■ **Source material**:
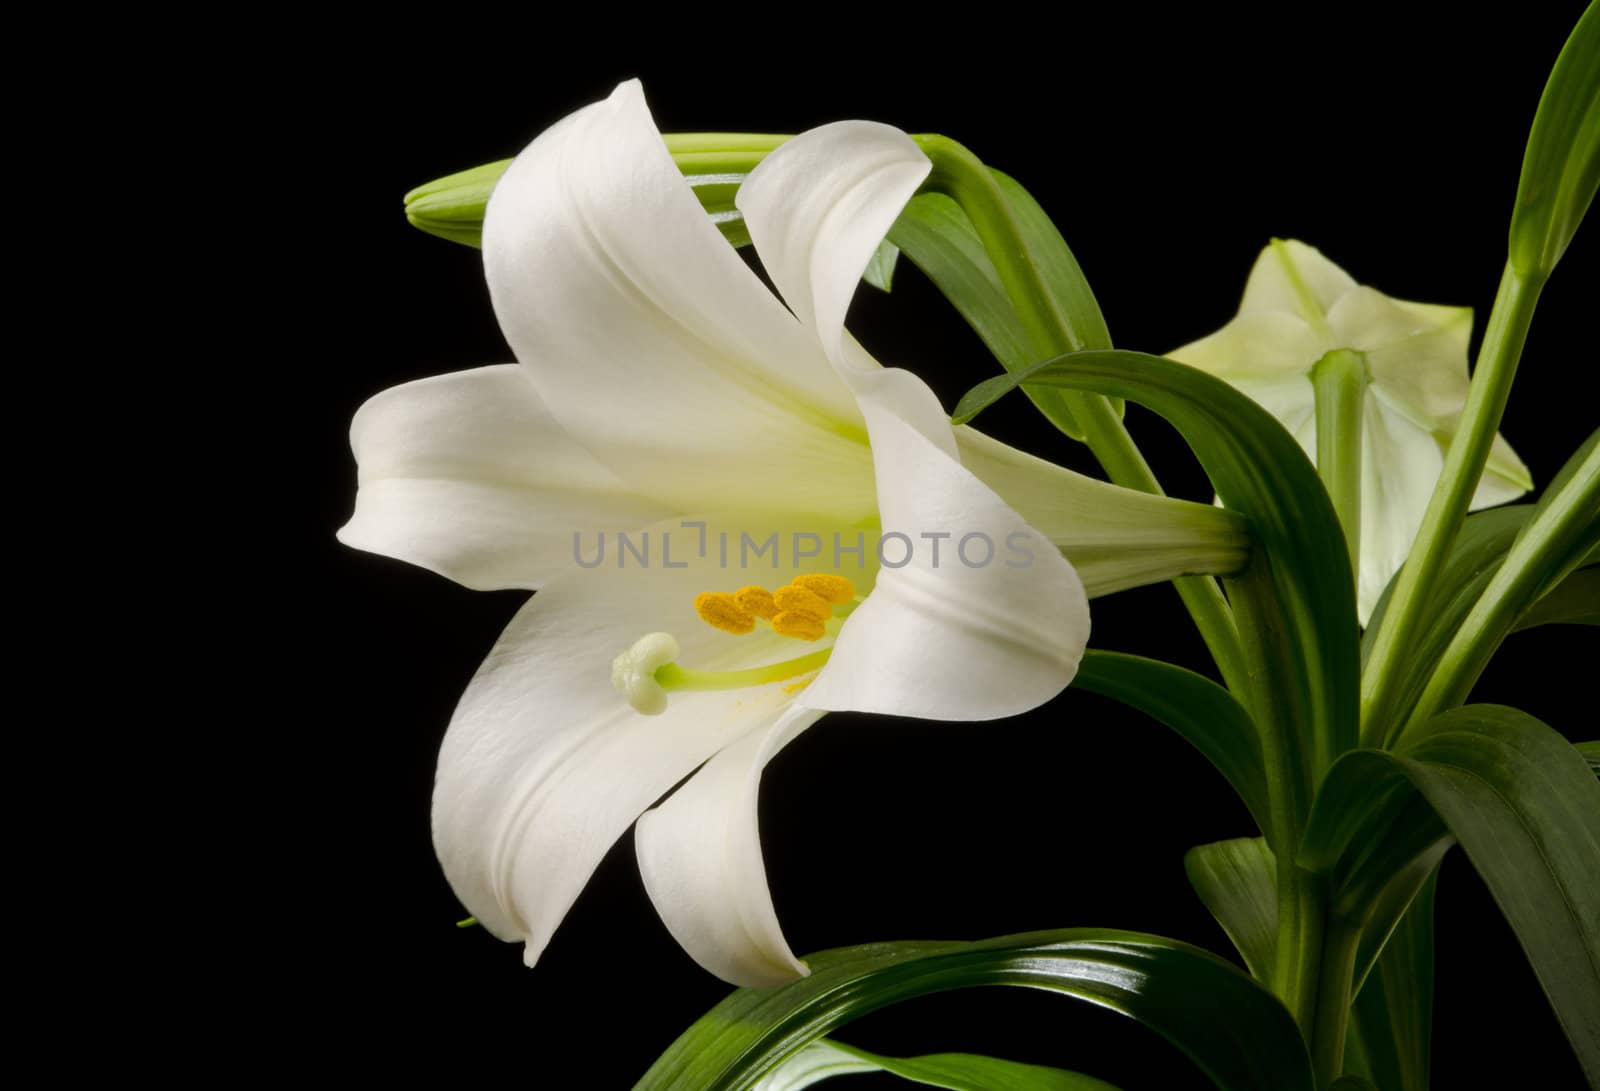 Easter lily with a large blossom on a black background
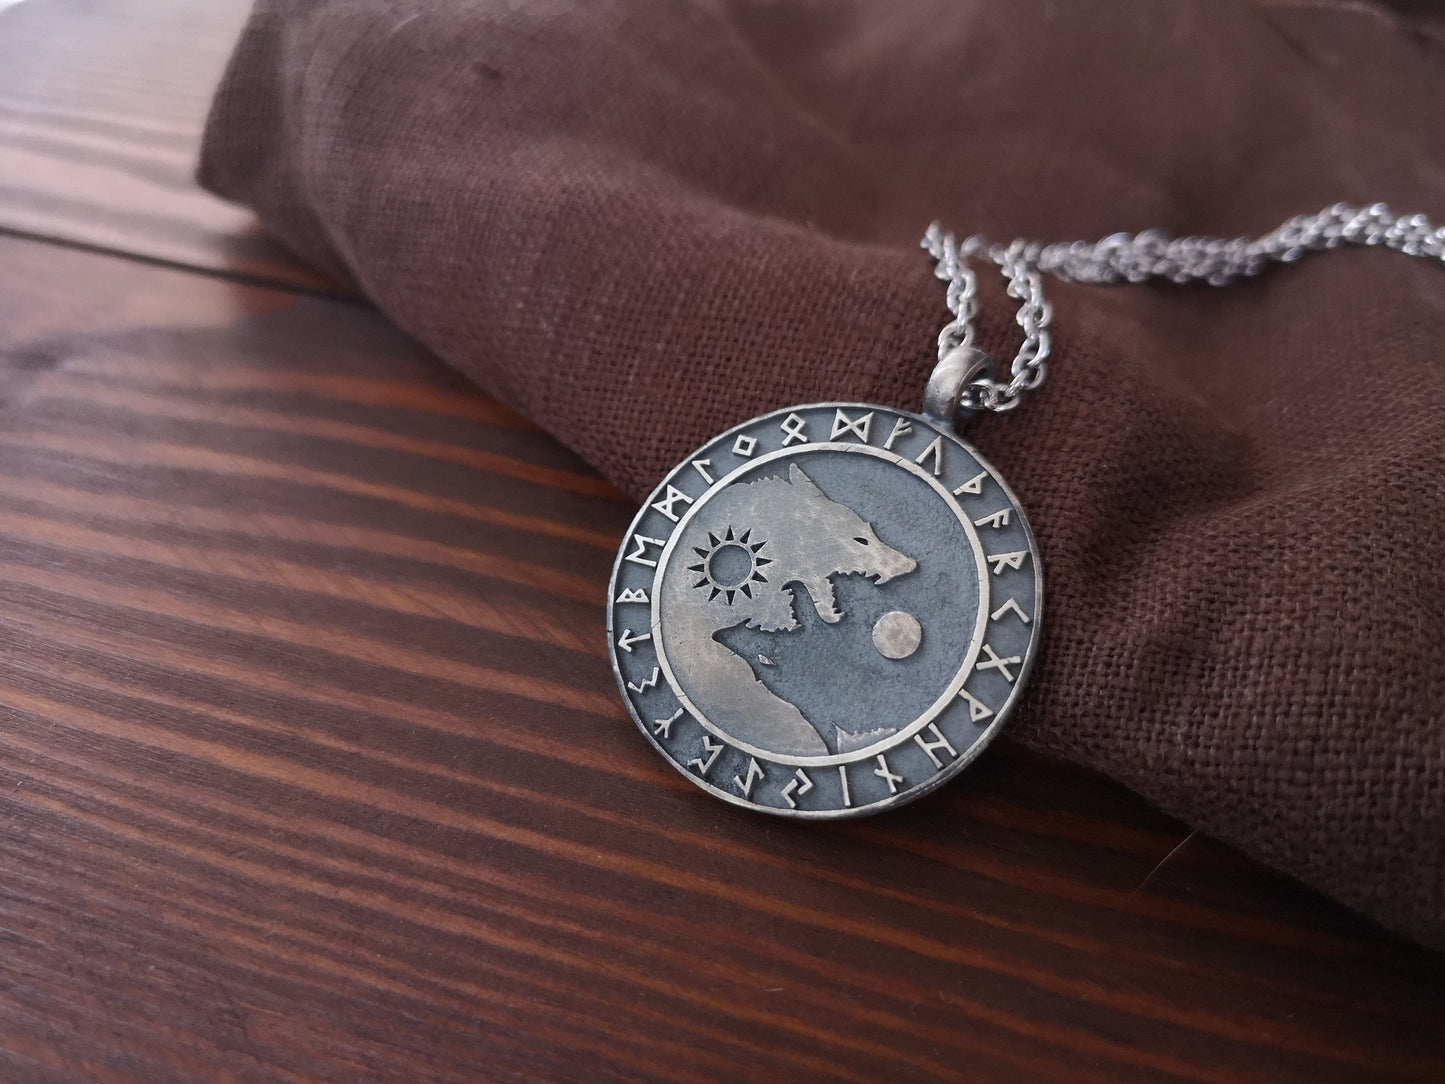 Celtic and Viking inspired Necklace with Wolves Skoll Hati Chasing Sun and Moon - Balance In Life, Friendship Best Friend Pendant
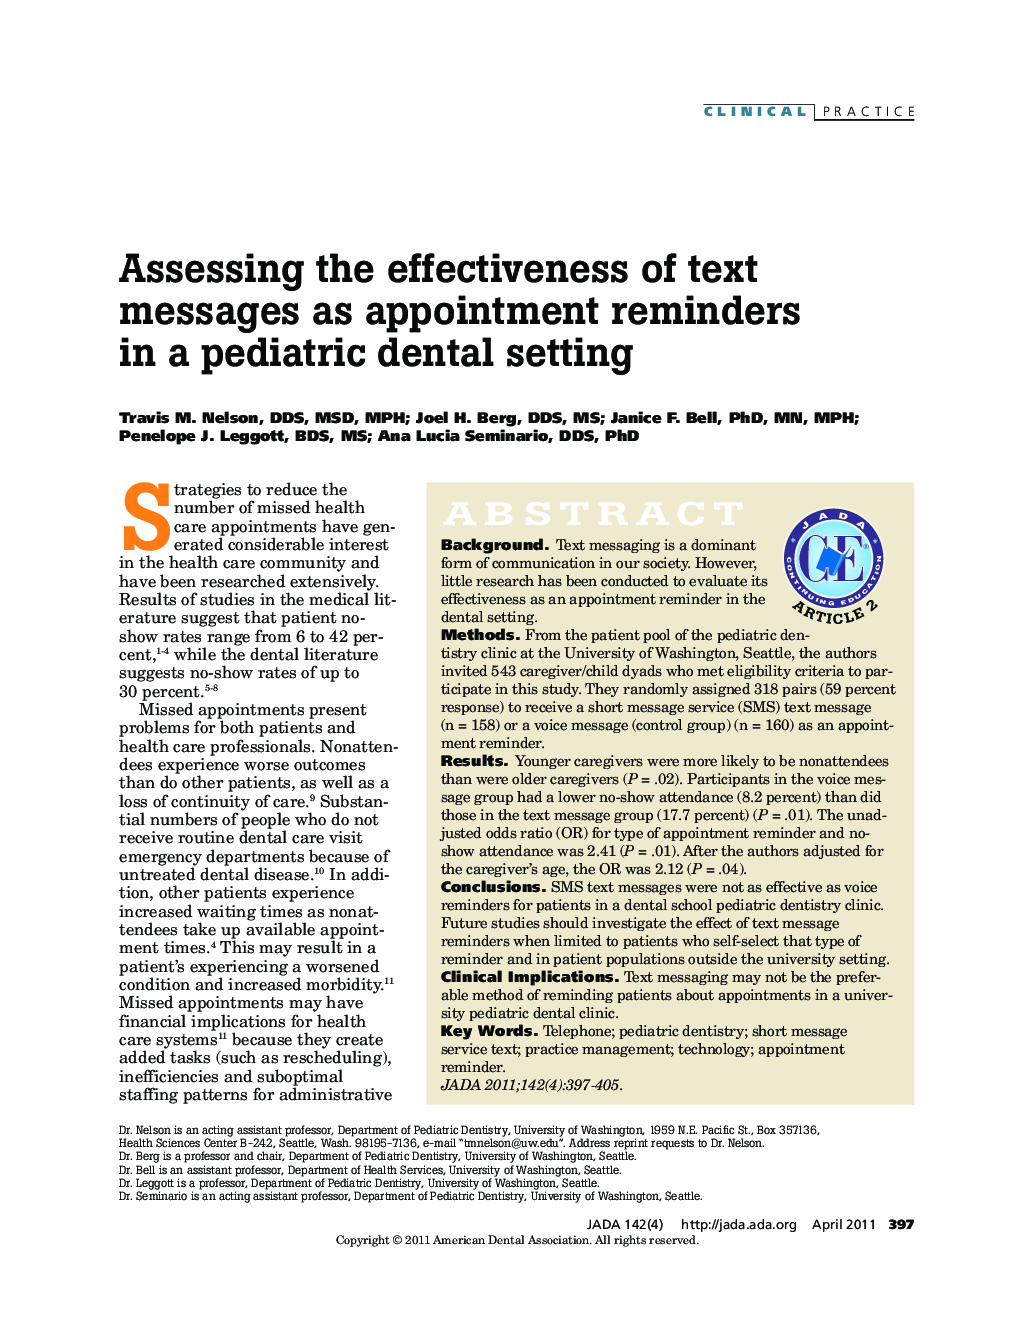 Assessing the effectiveness of text messages as appointment reminders in a pediatric dental setting 
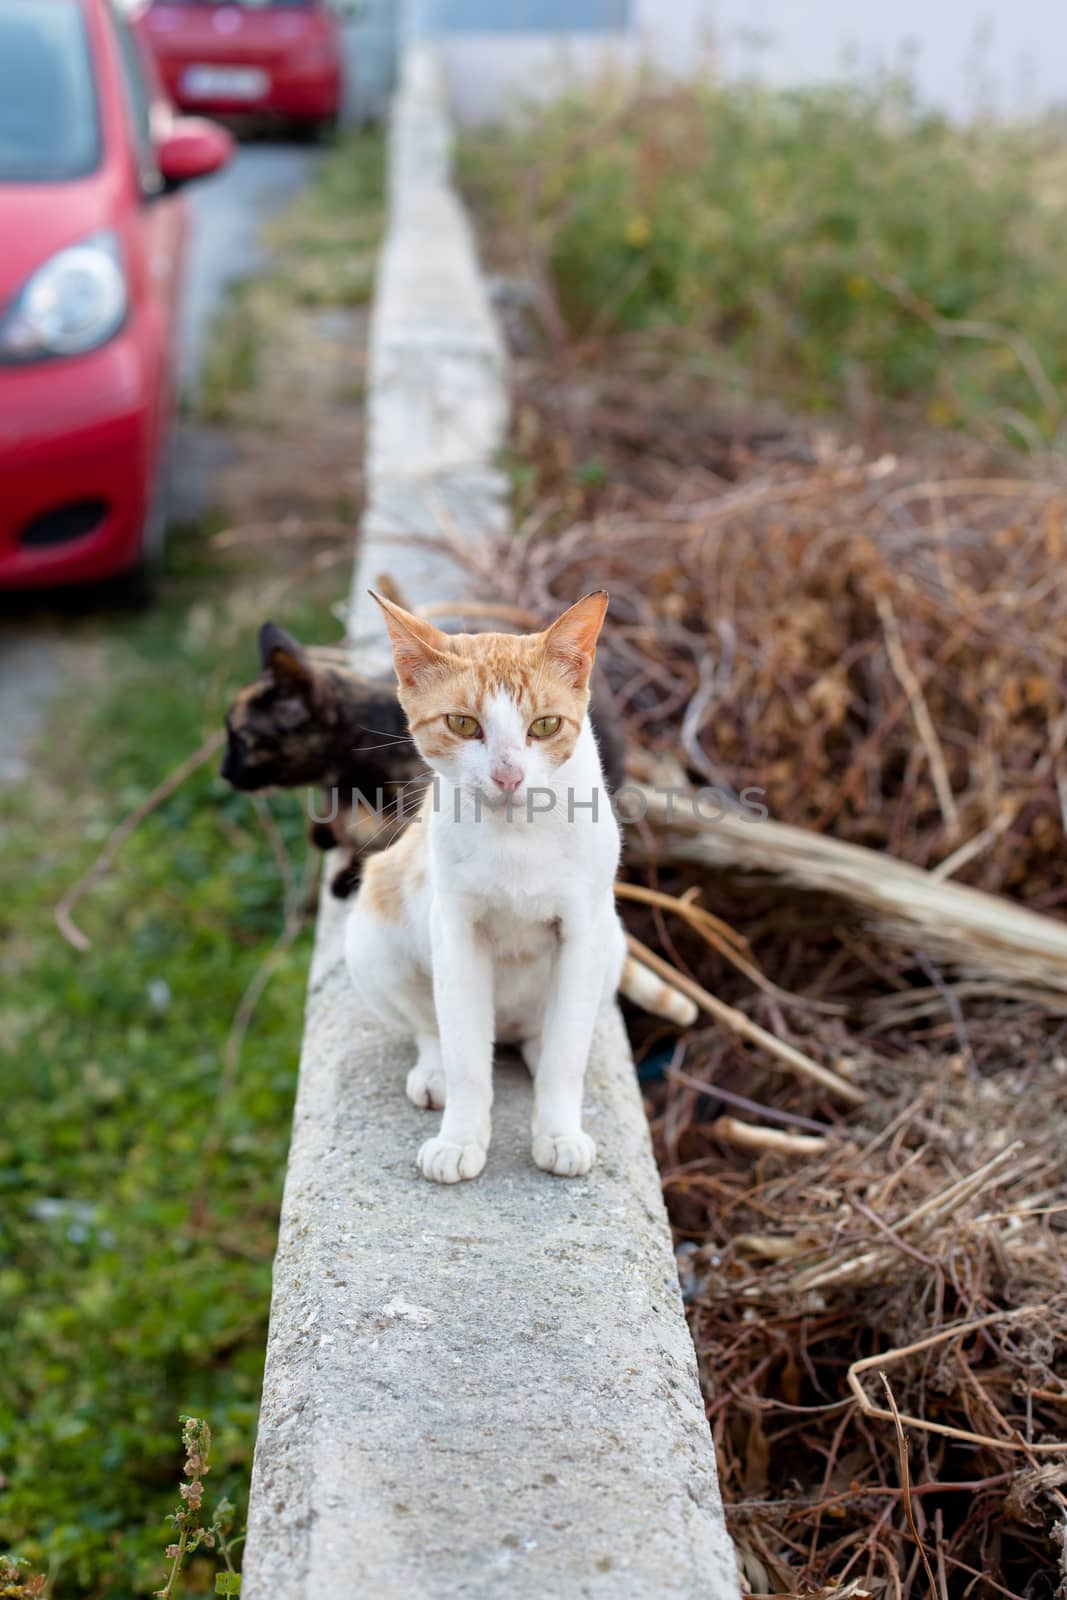 Outdoor cats by foaloce

■ **Work instruction**: Word for word, reproduce each line from the one with "Celtic and Viking" through the last line of the material above, both included, and drop the pictures.

■ **Response for this exercise**:
 Celtic and Viking inspired Necklace with Wolves Skoll Hati Chasing Sun and Moon - Balance In Life, Friendship Best Friend Pendant
 Assessing the effectiveness of text messages as appointment reminders in a pediatric dental setting 
 Outdoor cats by foaloce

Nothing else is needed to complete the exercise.